Low Prevalence of Pfcrt Resistance Alleles among Patients with Uncomplicated Falciparum Malaria in Niger Six Years after Chloroquine Withdrawal

1Université de Ouagadougou, BP 364, Ouagadougou, Burkina Faso
2Unité de Parasitologie, Centre de Recherche Médicale et Sanitaire, 634 Bd de la Nation, BP 10887, YN034, Niamey, Niger
3Unité de Parasitologie Médicale, Centre International de Recherches Médicales de Franceville, BP 769, Franceville, Gabon
4Genopôle de l’Ile de France, Plate-Forme Génomique, Institut Pasteur, 28 Rue du Dr ROUX, 75015 Paris, France
5Division Internationale, Institut Pasteur, 28 Rue du Dr ROUX, 75015 Paris, France

Received 16 September 2014; Accepted 4 November 2014; Published 23 November 2014

Academic Editor: Ananias Escalante

Copyright © 2014 Adamou Salissou et al.

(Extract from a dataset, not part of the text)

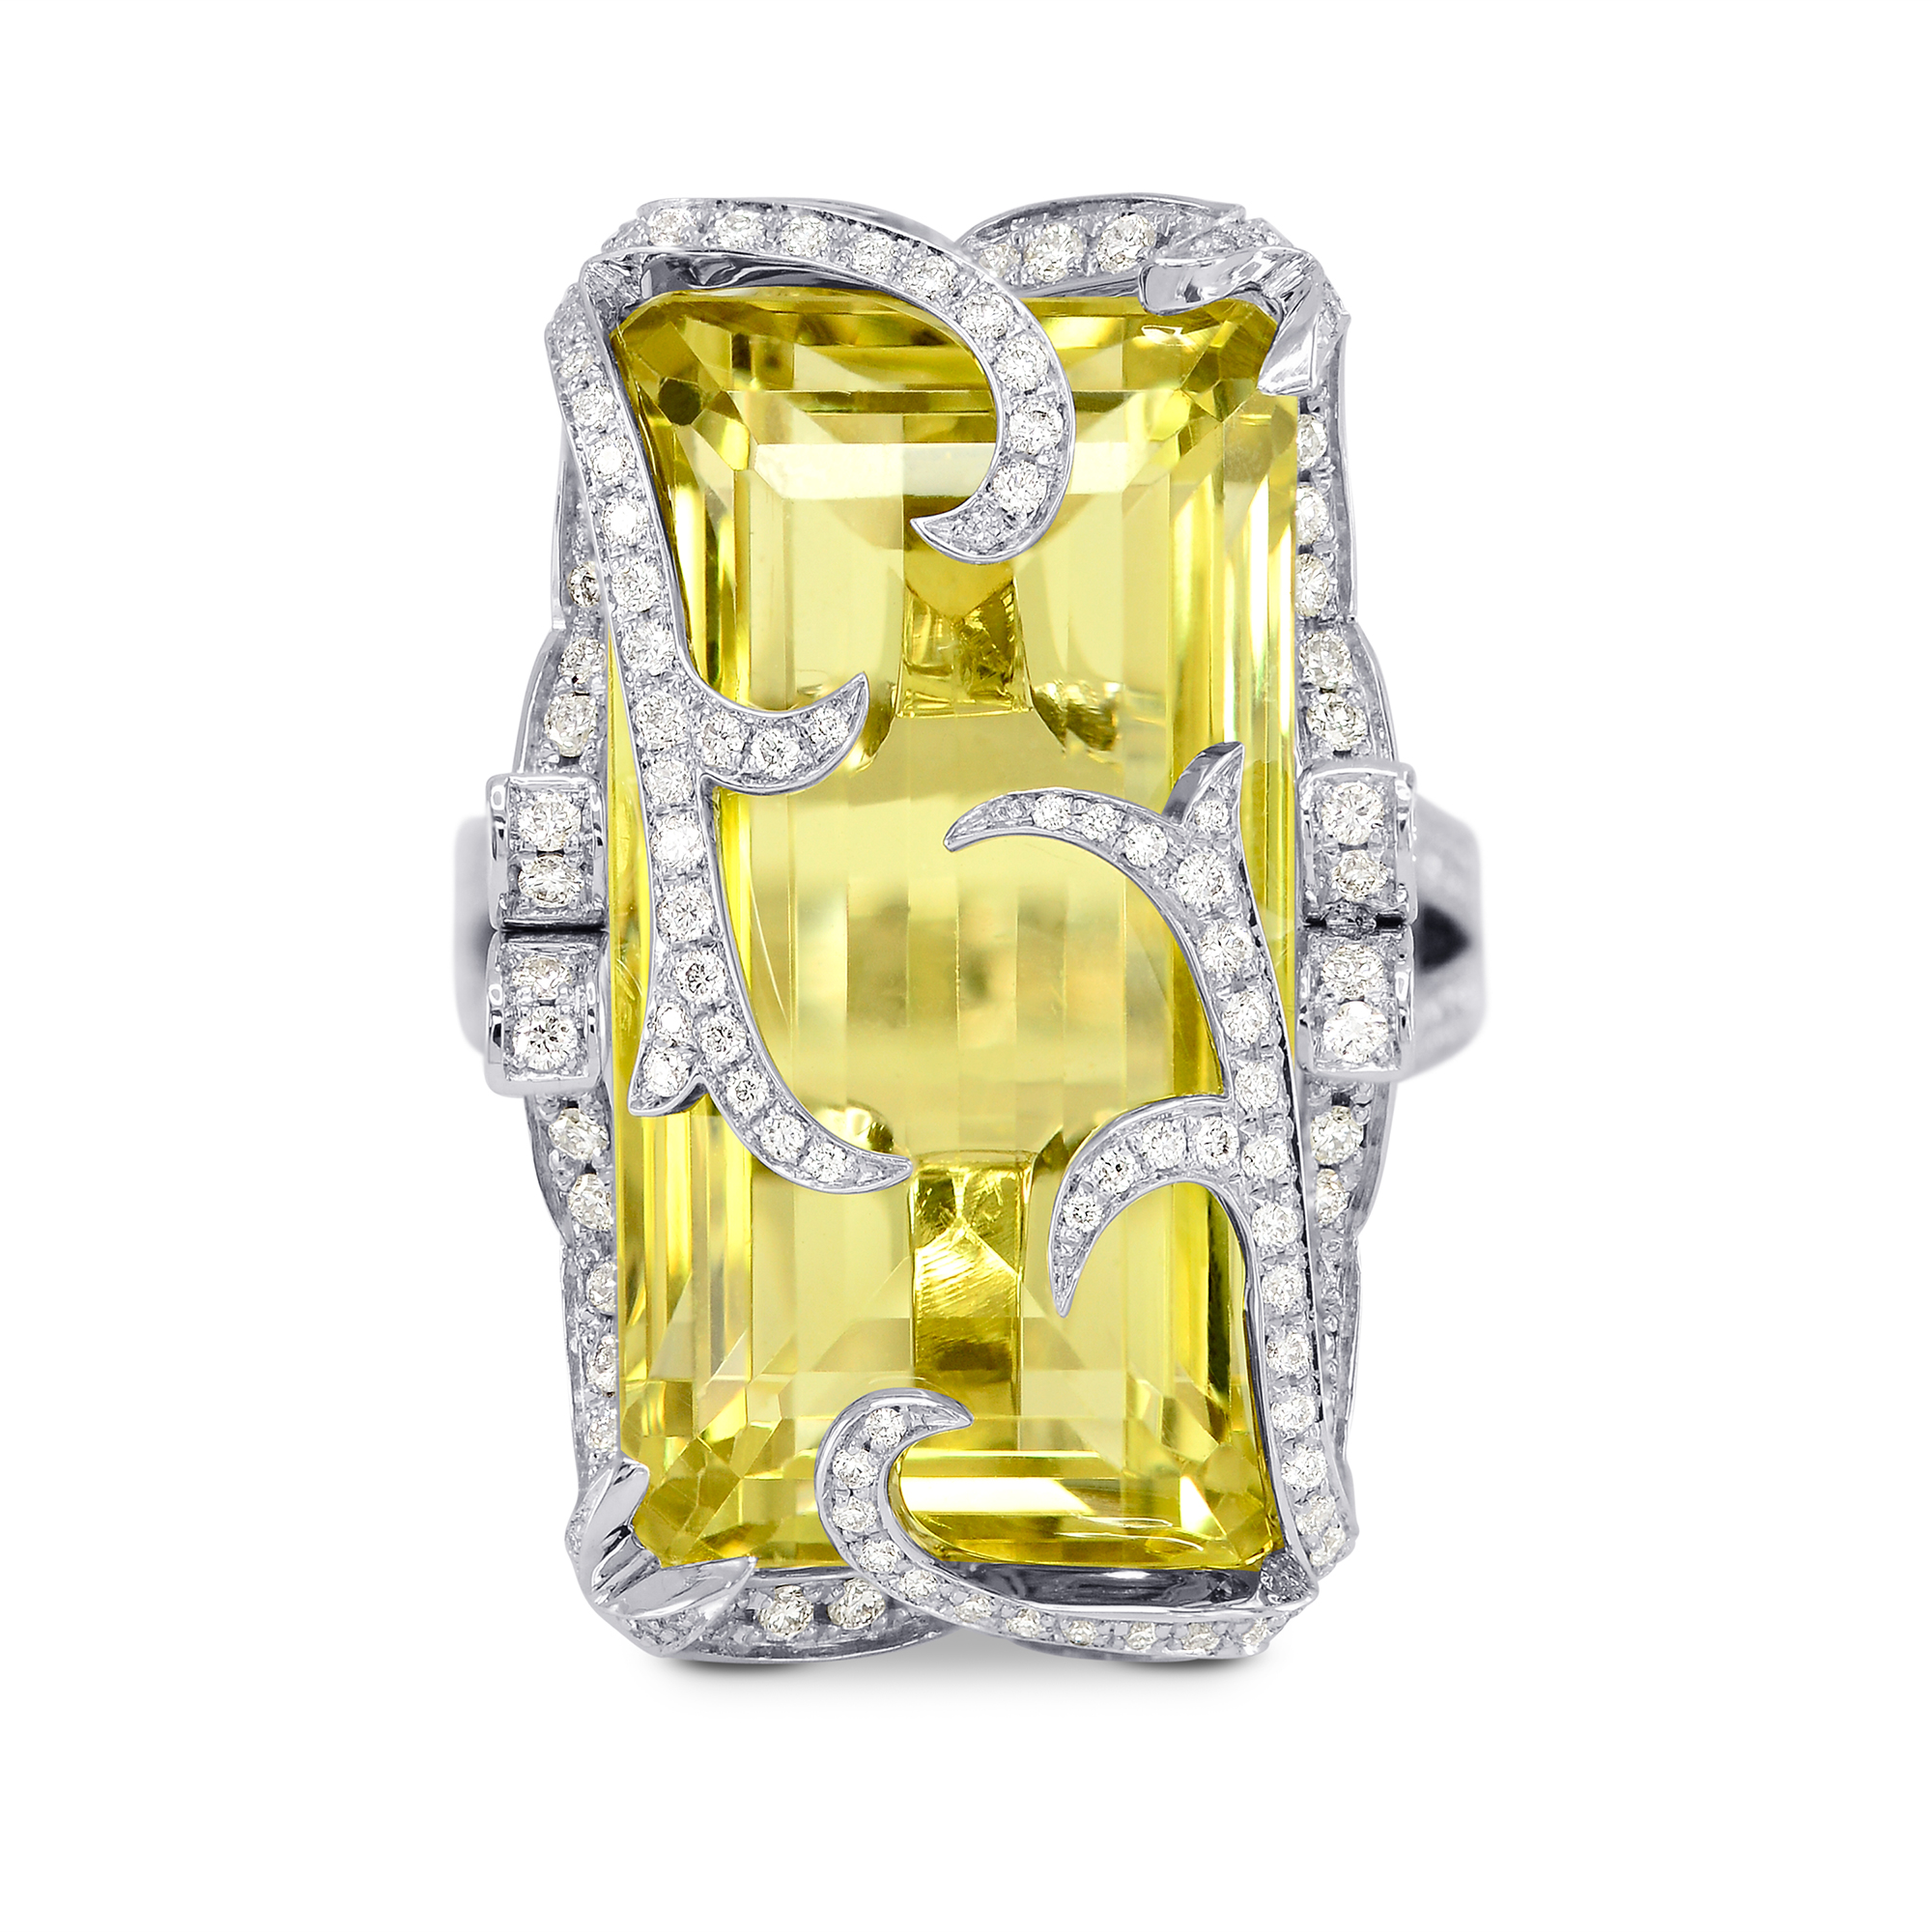 Quarz Lem Smaragd Edelstein Ring 18 Karat Weißgold Größe 6 25 Karat, ARTIKELNUMMER 155673 (26,42 Karat TW)
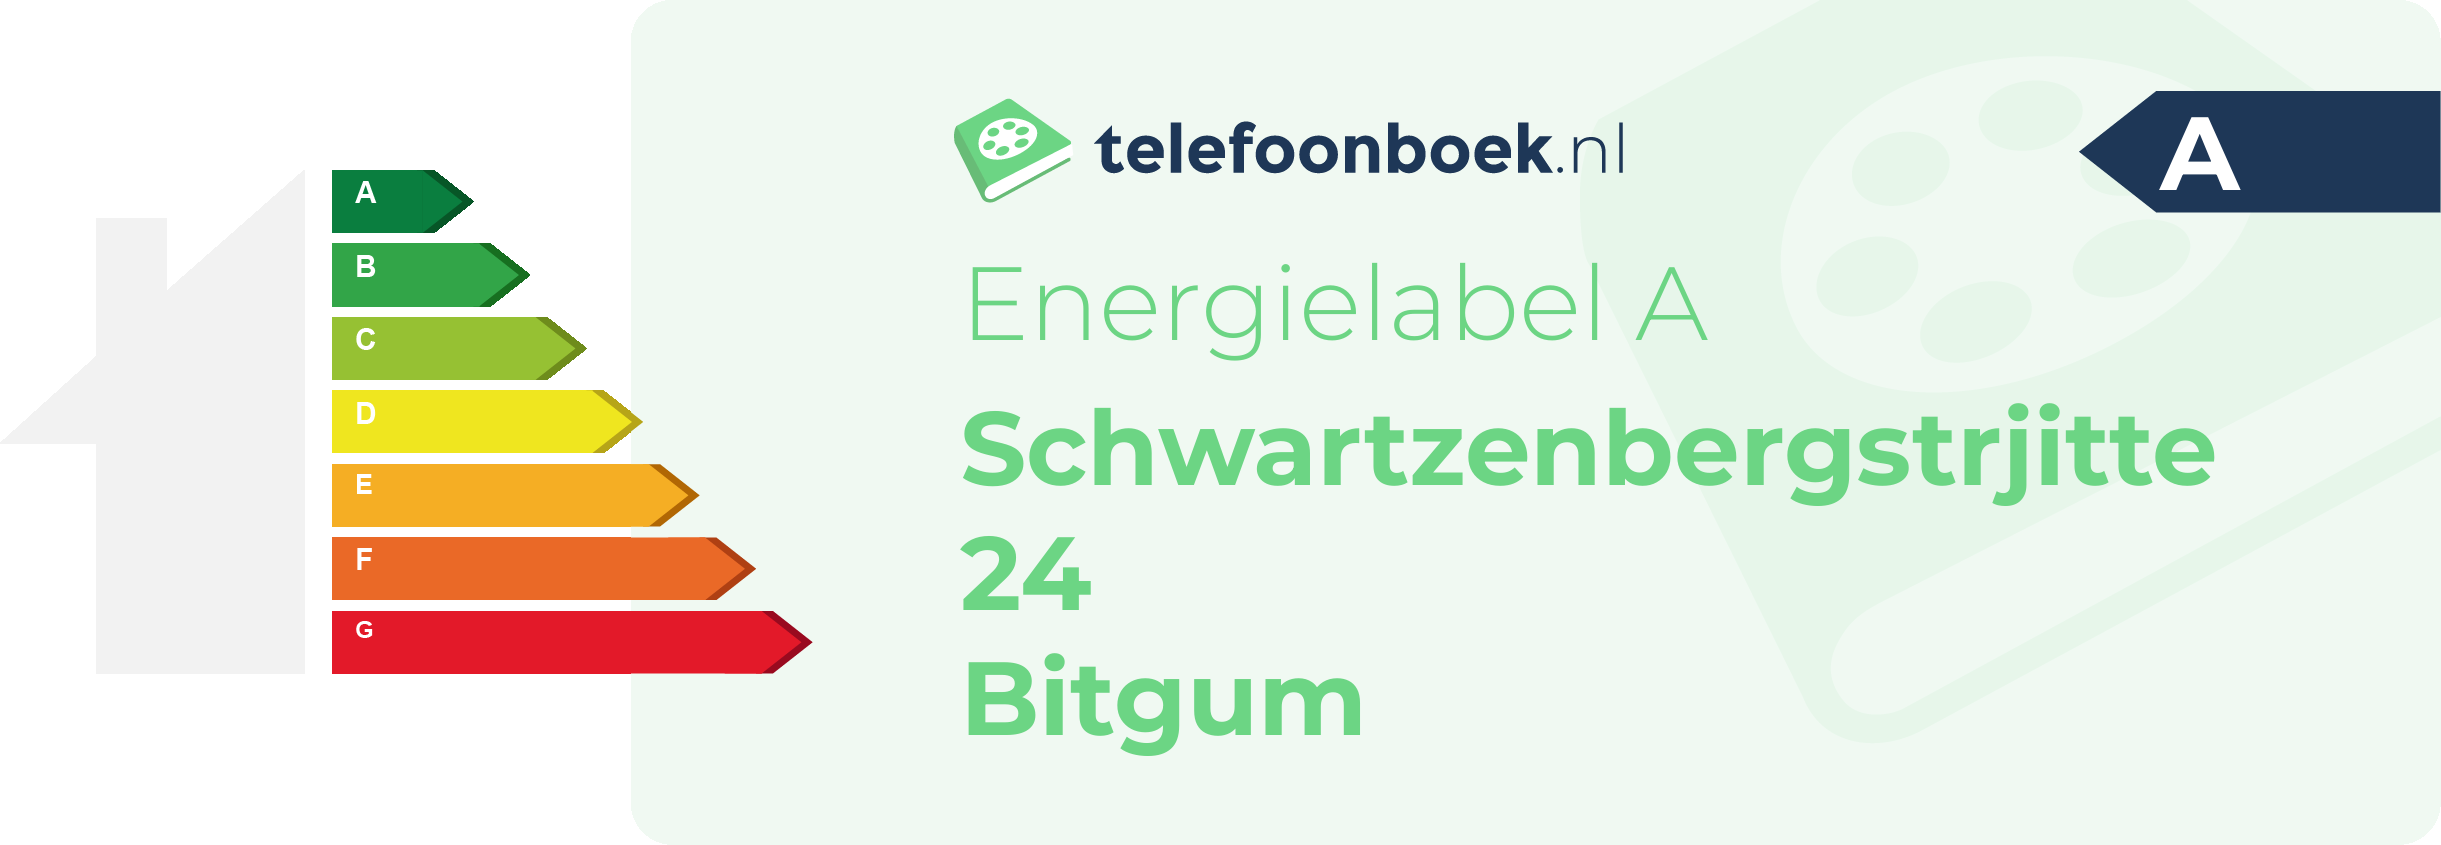 Energielabel Schwartzenbergstrjitte 24 Bitgum

This is an open access article distributed under the Creative Commons Attribution License, which permits unrestricted use, distribution, and reproduction in any medium, provided the original work is properly cited.


Chloroquine (CQ) resistance is widespread in Africa, but few data are available for Niger. Pfcrt haplotypes (aa 56–118) and ex vivo responses to CQ and amodiaquine were characterized for 26 isolates collected in South Niger from children under 15 years of age suffering from uncomplicated falciparum malaria, six years after the introduction of artemisinin-based combinations and the withdrawal of CQ. The wild-type Pfcrt haplotype CVMNK was found in 22 of the 26 isolates, with CVIET sequences observed in only three of the samples. We also describe for the first time a new CVINT haplotype. The ex vivo responses were better for CVMNK than for CVIET parasites. Pfcrt sequence data were compared with those obtained for 26 additional parasitized blood samples collected in Gabon, from an area of CQ resistance used as a control. Our findings suggest that there has been a significant decline in CQ-resistant genotypes since the previous estimates for Niger were obtained. No such decline in molecular resistance to CQ was observed in the subset of samples collected in similar conditions from Gabon. These results have important implications for public health and support the policy implemented in Niger since 2005, which aims to increase the efficacy and availability of antimalarial drugs whilst controlling the spread of resistance.